= Entries provided =

=====

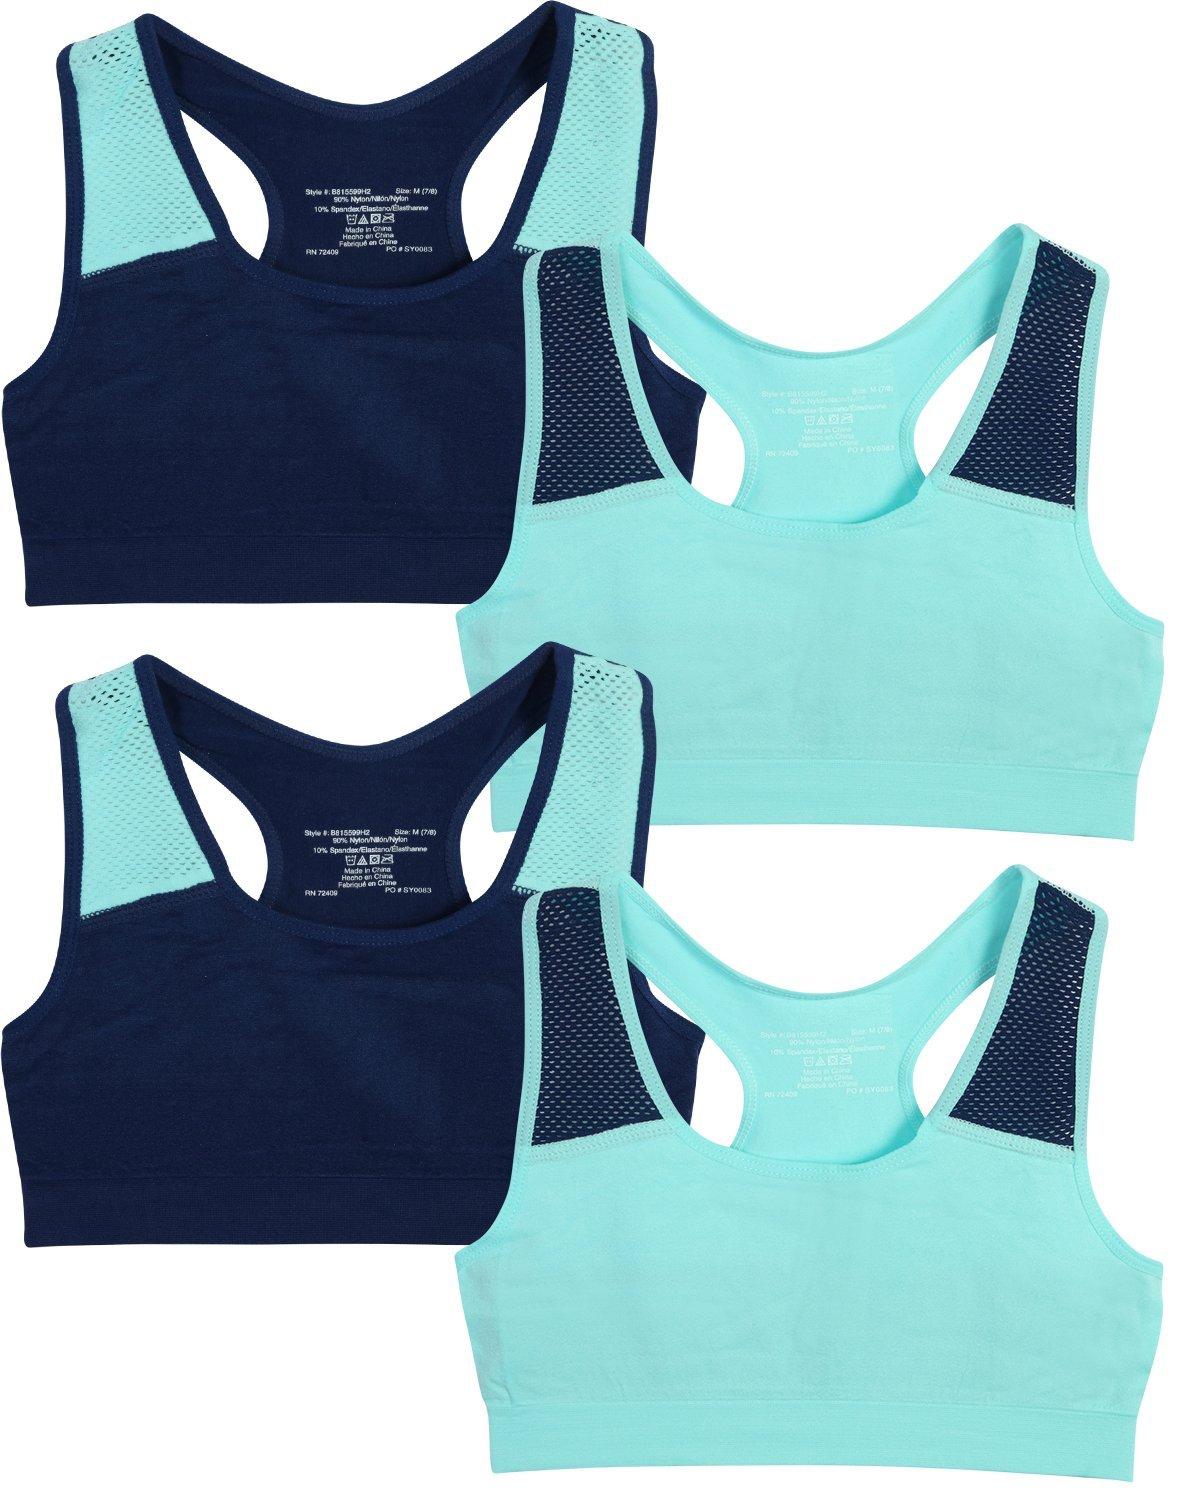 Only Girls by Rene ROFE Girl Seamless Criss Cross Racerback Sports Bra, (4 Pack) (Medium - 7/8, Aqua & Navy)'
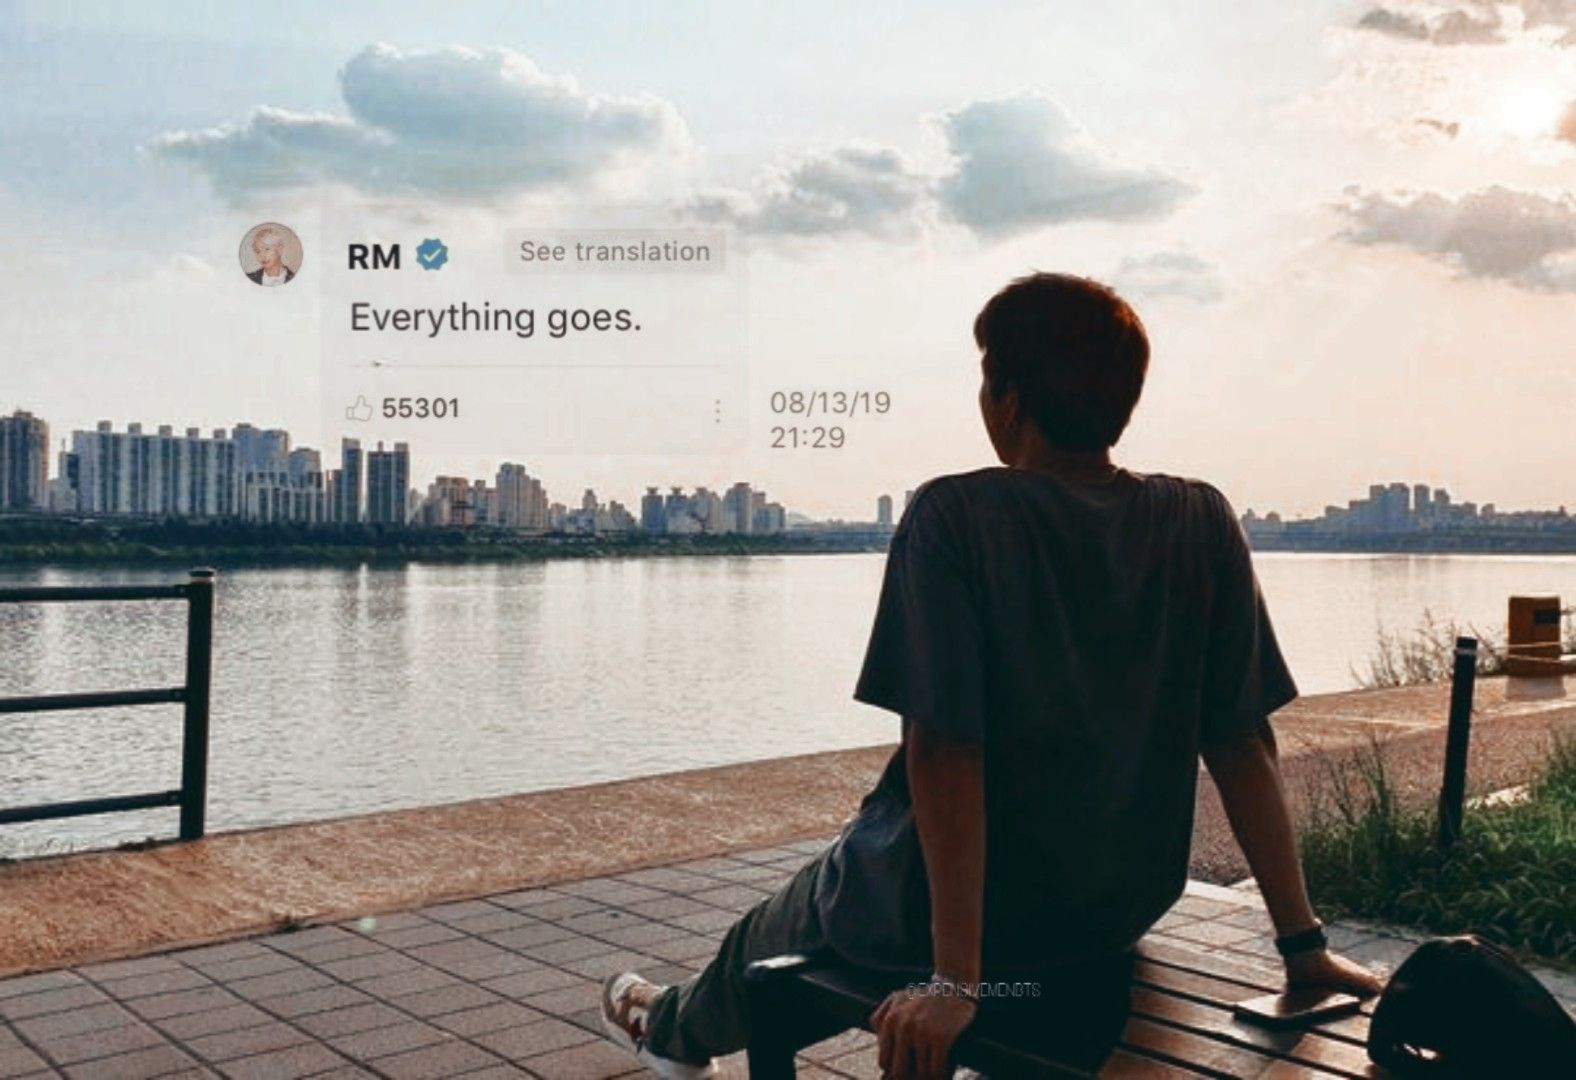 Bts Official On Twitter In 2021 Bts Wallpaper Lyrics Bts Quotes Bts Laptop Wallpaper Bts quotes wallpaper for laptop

=====

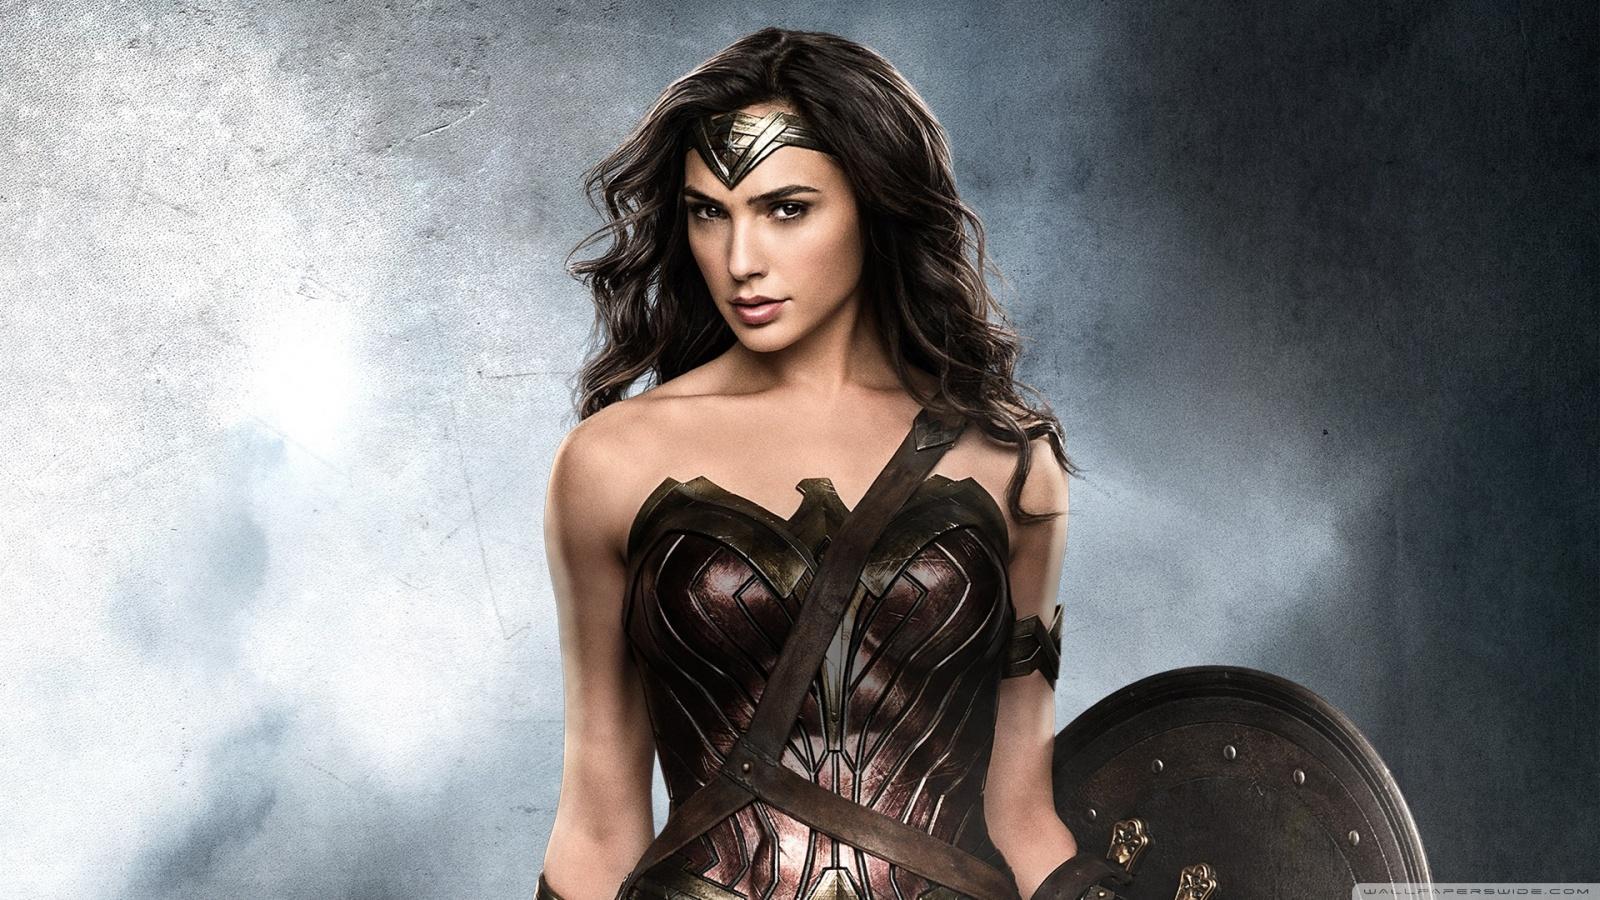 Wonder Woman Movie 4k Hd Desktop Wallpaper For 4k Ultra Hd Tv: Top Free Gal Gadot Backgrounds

=====

= Activity =
Your reply should consist solely of the lines above from the line containing "Only Girls by" up to and including the line containing "Bts Official On", reproduced exactly, minus the pictures.

= The answer =
 Only Girls by Rene ROFE Girl Seamless Criss Cross Racerback Sports Bra, (4 Pack) (Medium - 7/8, Aqua & Navy)'
 Bts Official On Twitter In 2021 Bts Wallpaper Lyrics Bts Quotes Bts Laptop Wallpaper Bts quotes wallpaper for laptop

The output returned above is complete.